# [SOURCE DATA]
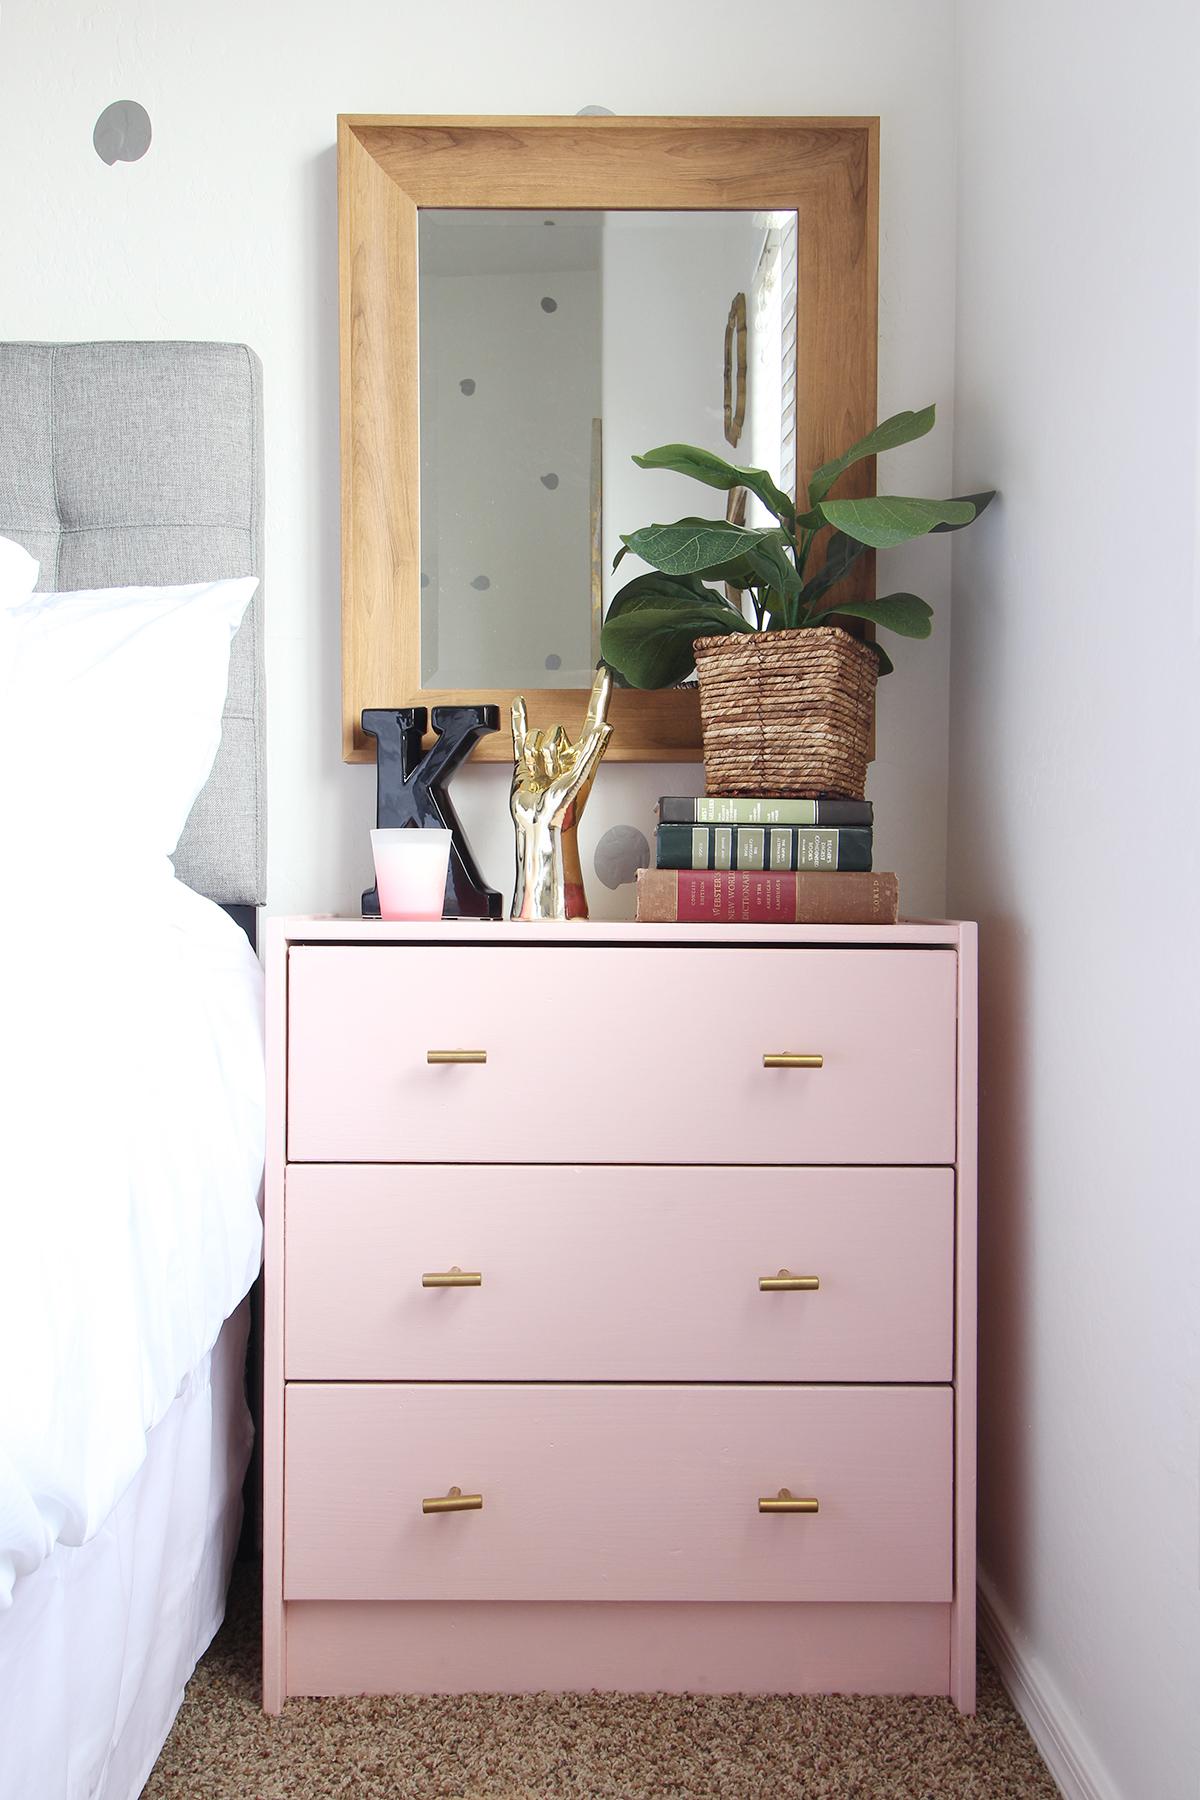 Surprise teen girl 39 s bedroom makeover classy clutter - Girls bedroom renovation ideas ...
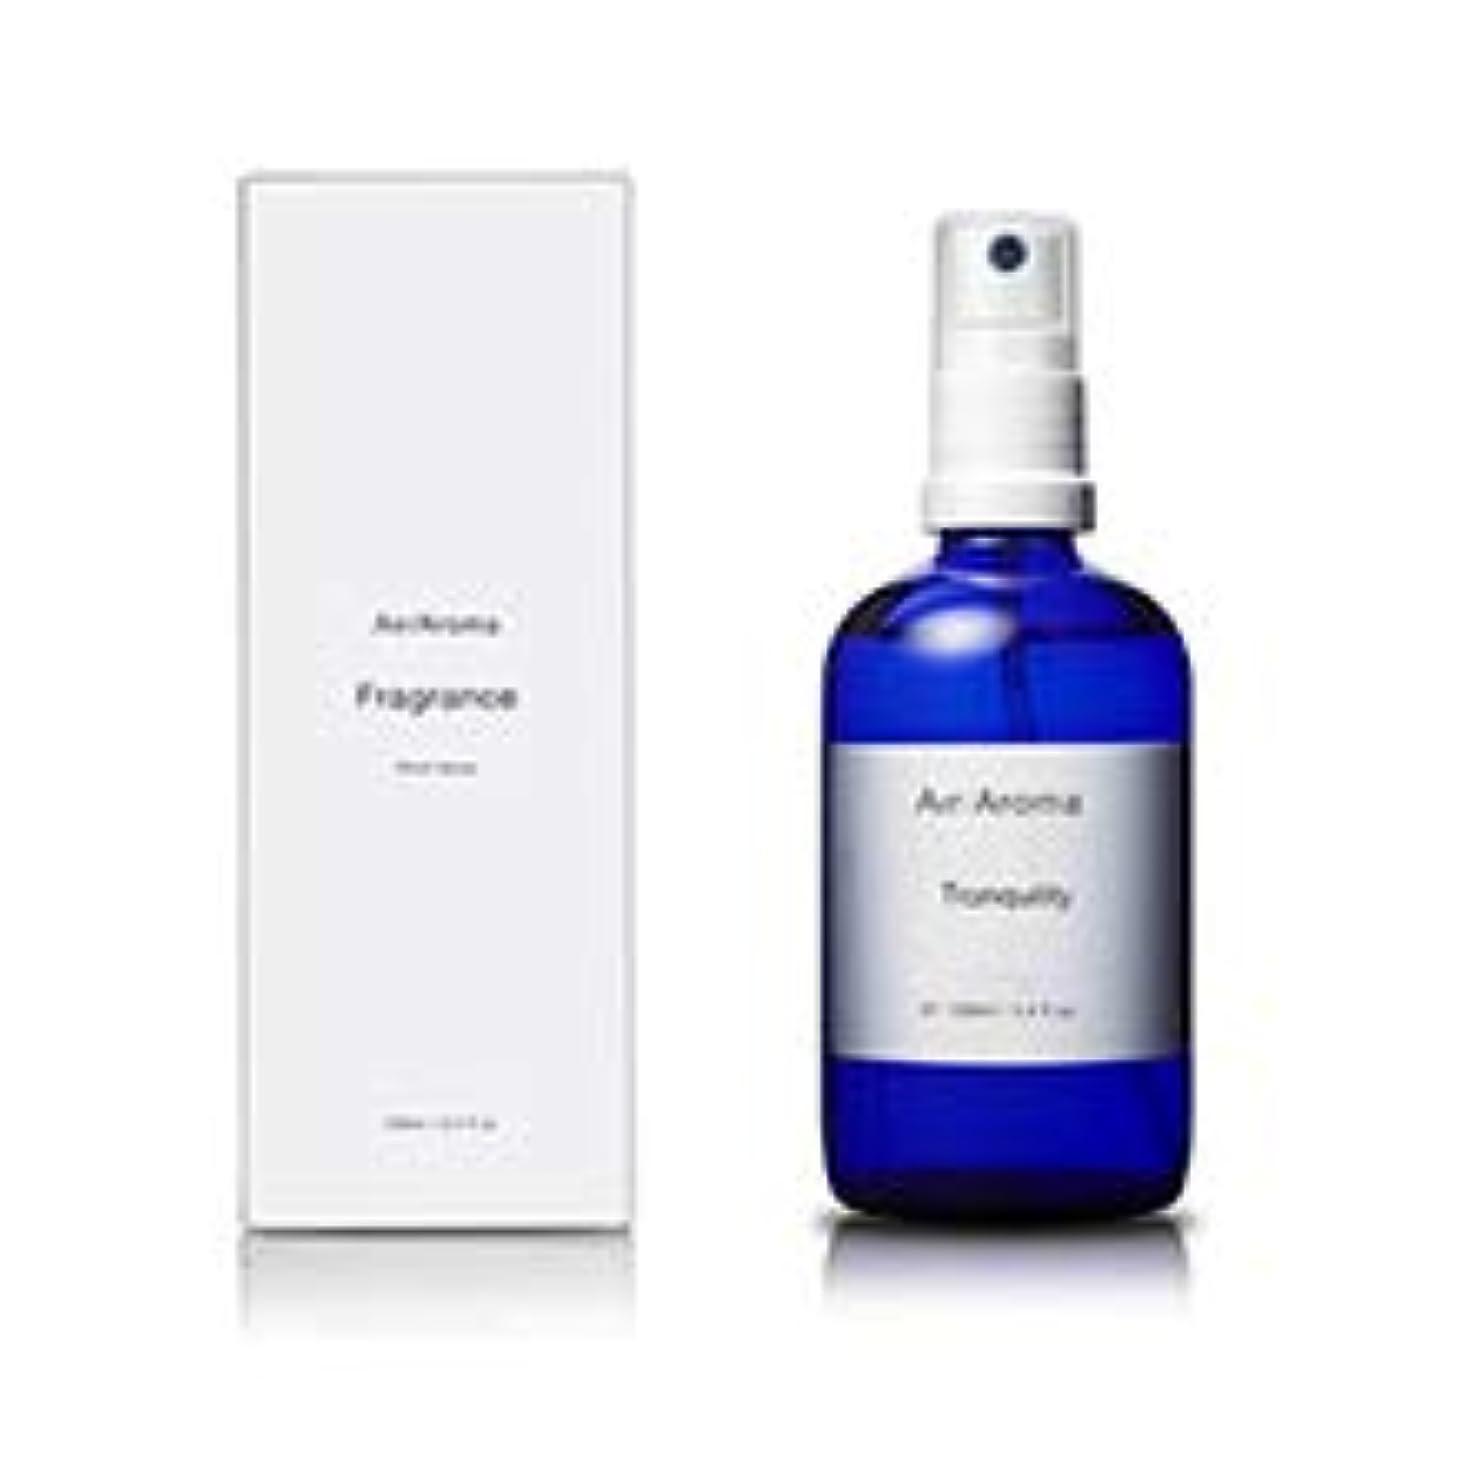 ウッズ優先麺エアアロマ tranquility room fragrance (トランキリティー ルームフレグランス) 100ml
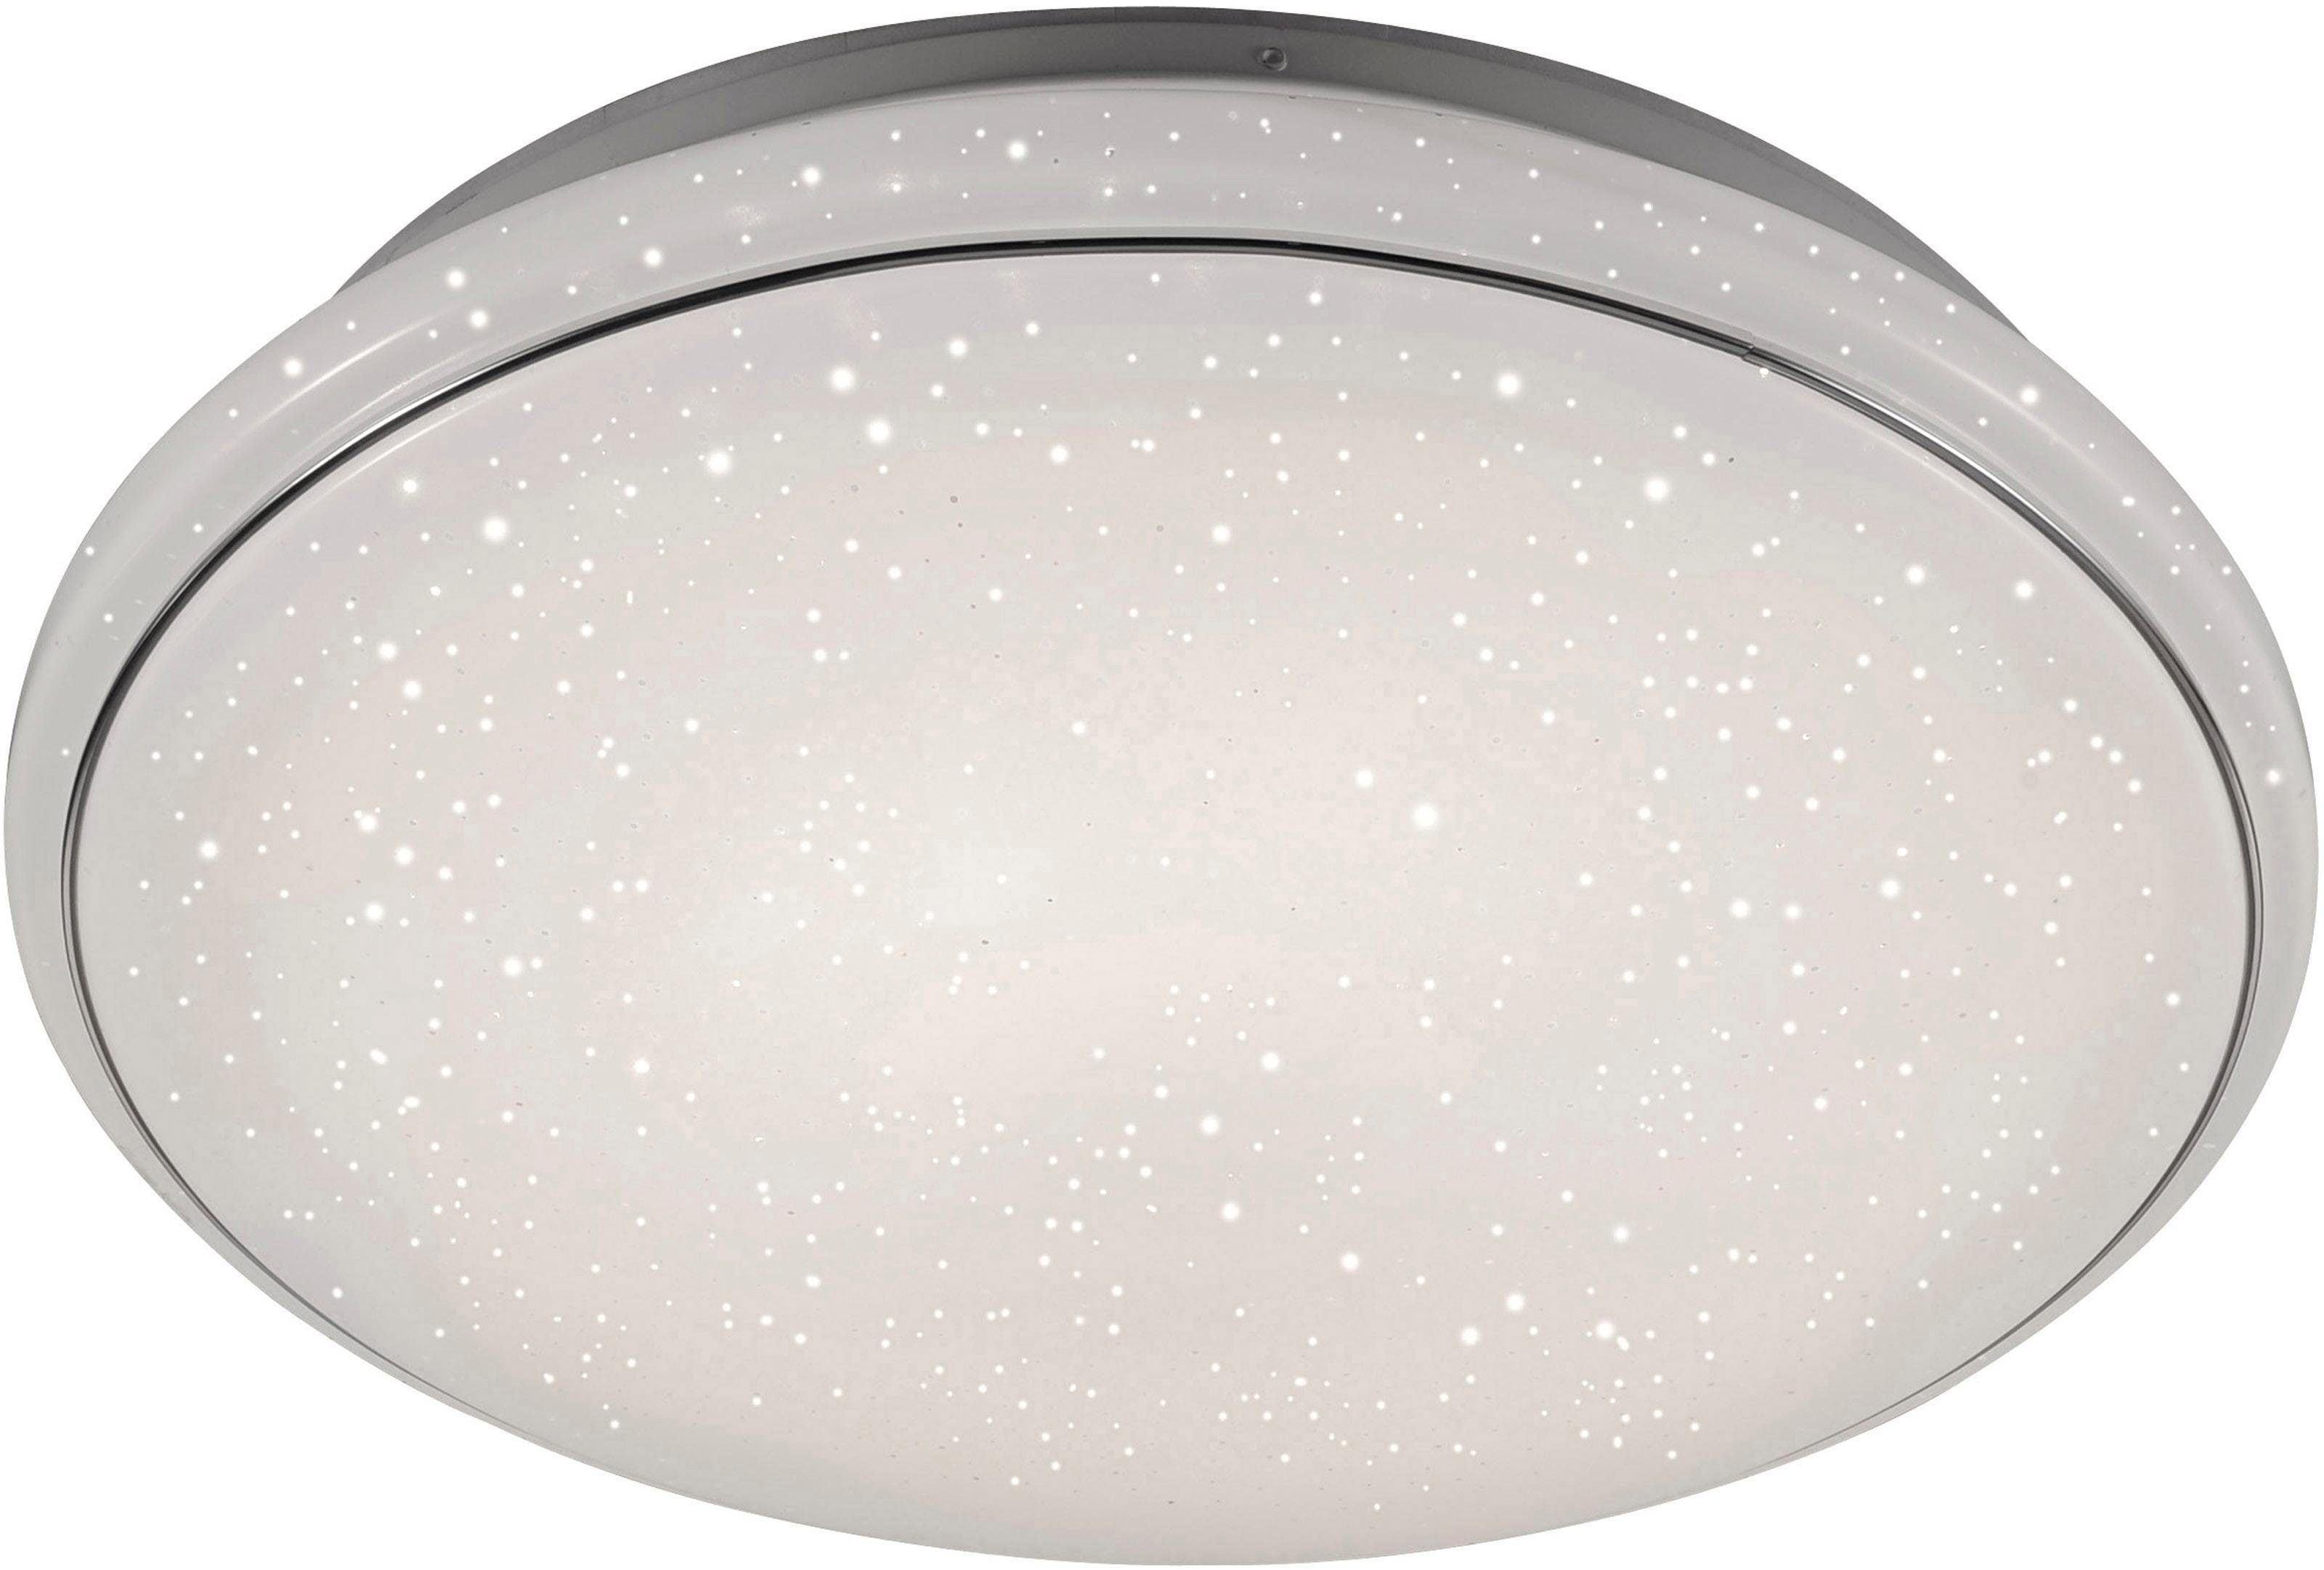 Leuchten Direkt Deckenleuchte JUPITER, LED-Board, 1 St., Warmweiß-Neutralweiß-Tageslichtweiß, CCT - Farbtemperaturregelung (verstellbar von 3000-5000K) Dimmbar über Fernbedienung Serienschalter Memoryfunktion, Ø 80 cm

# [WHAT TO DO]
Your task is to retype the listing exactly, without its pictures.

# [FINISHED EXERCISE]
 Surprise teen girl 39 s bedroom makeover classy clutter - Girls bedroom renovation ideas ...
 ウッズ優先麺エアアロマ tranquility room fragrance (トランキリティー ルームフレグランス) 100ml
 Leuchten Direkt Deckenleuchte JUPITER, LED-Board, 1 St., Warmweiß-Neutralweiß-Tageslichtweiß, CCT - Farbtemperaturregelung (verstellbar von 3000-5000K) Dimmbar über Fernbedienung Serienschalter Memoryfunktion, Ø 80 cm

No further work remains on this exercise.